The patient was discharged with the following medical treatment: acetylsalicylic acid 100 mg per day, enalapril 2.5 mg per day, bisoprolol 2.5 mg per day, spironolactone 25 mg per day, furosemide 40 mg 1 tablet at breakfast and lunch for 2 weeks followed by 1 tablet at breakfast, tamsulosin + solifenacin 0.4/6 mg 1 tablet per day, salmeterol + fluticasone 25/250 mcg 1 inhaled capsule per day, atorvastatin 40 mg per day, pantoprazole 20 mg per day. The importance of weight loss, physical exercise and smoking cessation was stressed.
She consulted the emergency department one week after discharge due to palpitations lasting 2 hours, with new onset paroxysmal atrial fibrillation detected on electrocardiogram. A rhythm control strategy was followed, achieving pharmacological cardioversion after an intravenous bolus of 300 mg of amiodarone. At discharge, treatment with apixaban 5 mg every 12 hours was added due to CHADs-VASc of 3 and oral amiodarone 200 mg 5 days a week.

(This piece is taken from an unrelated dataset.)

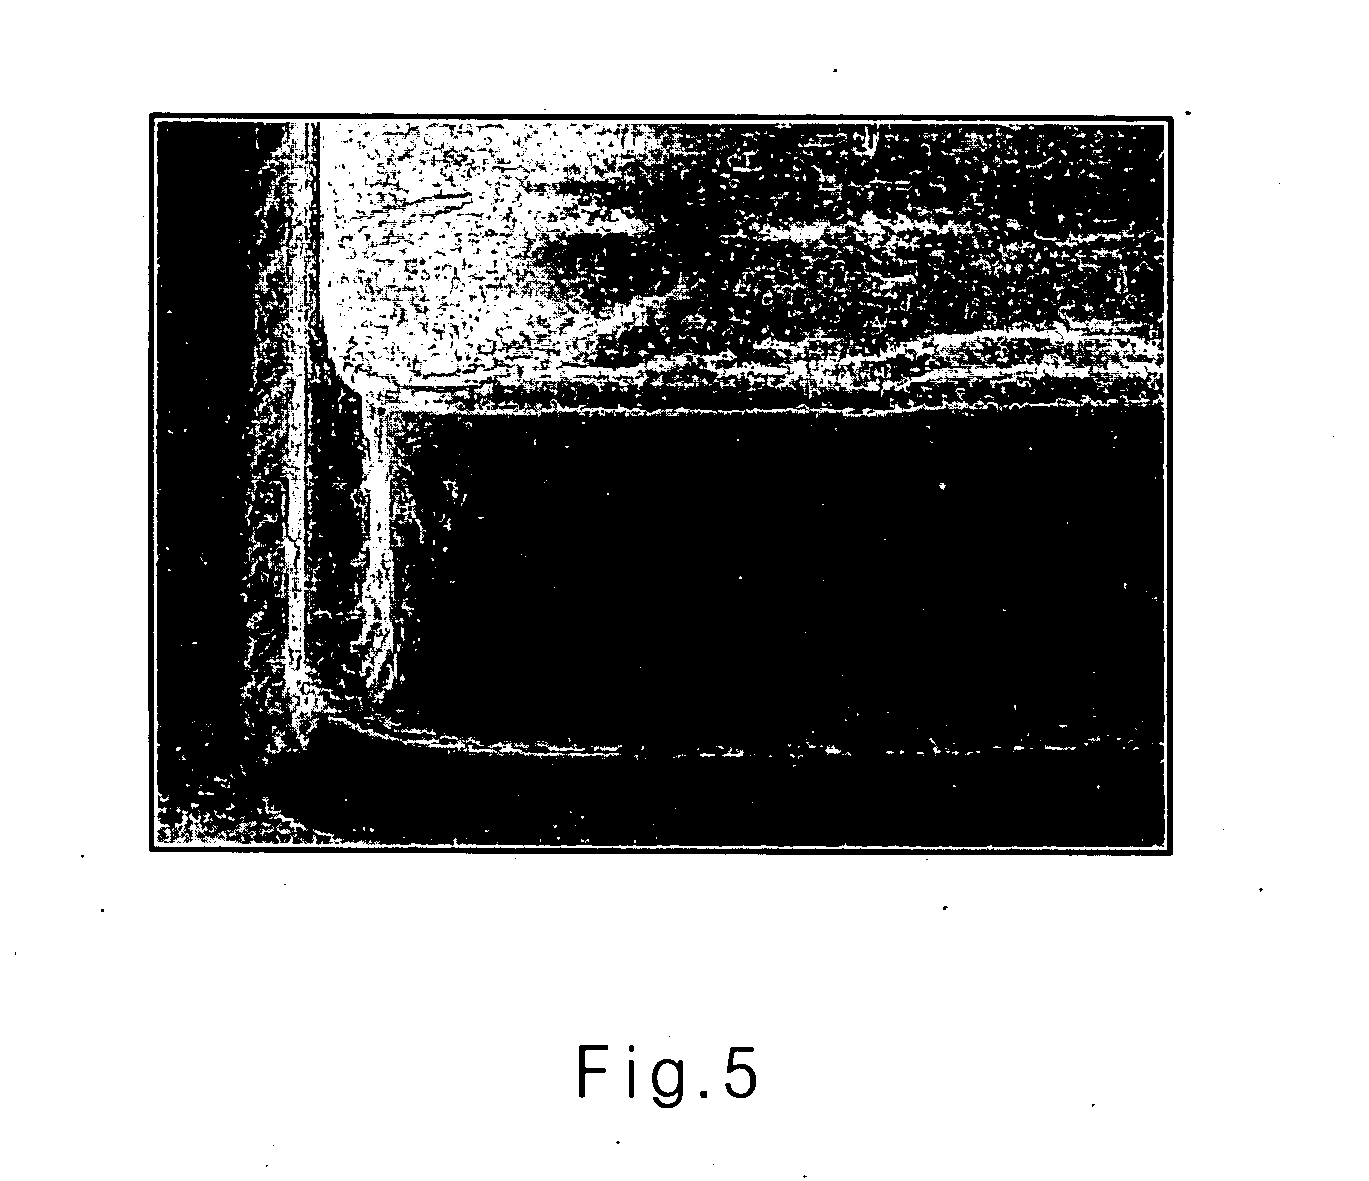 Photoresist removing compositions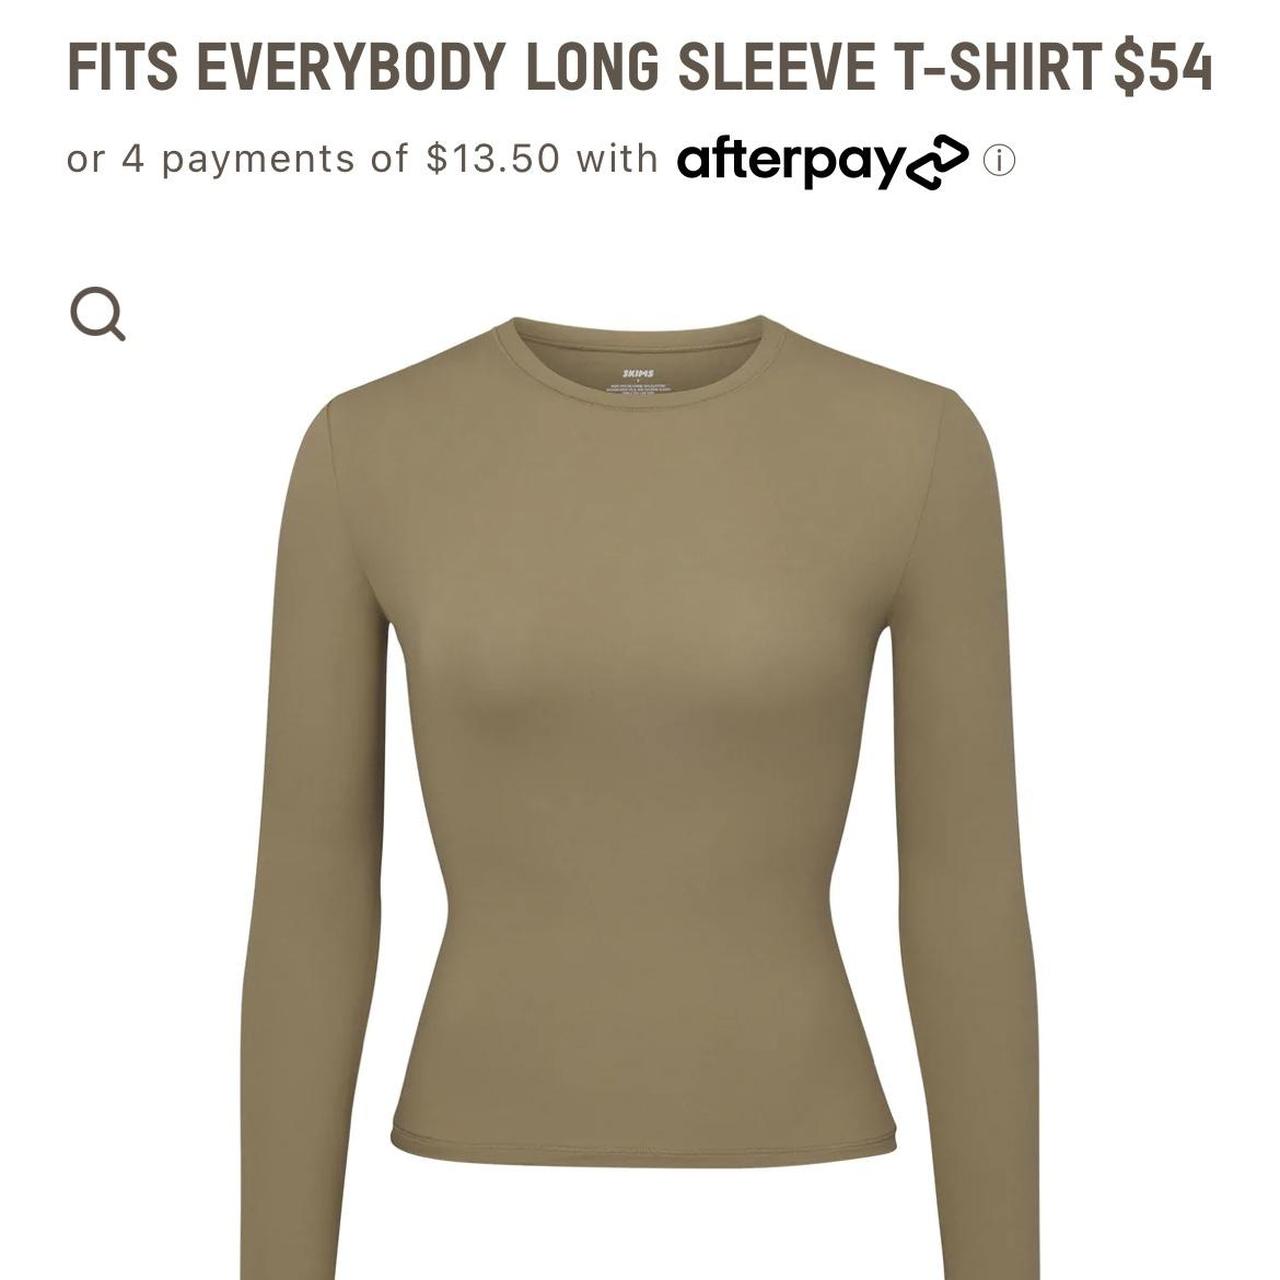 Fits everybody long sleeve t-shirt in the color - Depop

Subsequently, percutaneous revascularisation was programmed with mechanical assistance with Impella CP device, which was performed without incident. He received clopidogrel 300 mg the night before admission. After 24 hours of hospitalisation, he was discharged with the addition of clopidogrel 75 mg per day to the aforementioned treatment. After 1 month of triple therapy (ASA + clopidogrel + apixaban), treatment with acetylsalicylic acid was discontinued.
Six months after revascularisation, the patient attended a clinical control visit, and was found to be practically asymptomatic for dyspnoea or other symptoms of heart failure, in NYHA functional class I. He is currently awaiting echocardiography. He is currently awaiting a follow-up echocardiogram. No further visits to the emergency department were required due to decompensation.

DIAGNOSIS
Acute heart failure due to ischaemic dilated cardiomyopathy with severe left ventricular dysfunction (LVEF by cardiac MRI 30%).
Three-vessel coronary artery disease with a SINTAX score of 26 points.
Paroxysmal atrial fibrillation (CHADs-VASc = 3, HAS-BLED = 2).
High risk device assisted PCI with Impella CP device with complete revascularisation (proximal LAD, mid LAD, distal DC and 1OM with excellent angiographic outcome).
Moderate COPD phenotype chronic bronchitis. Smoking on admission. Obesity.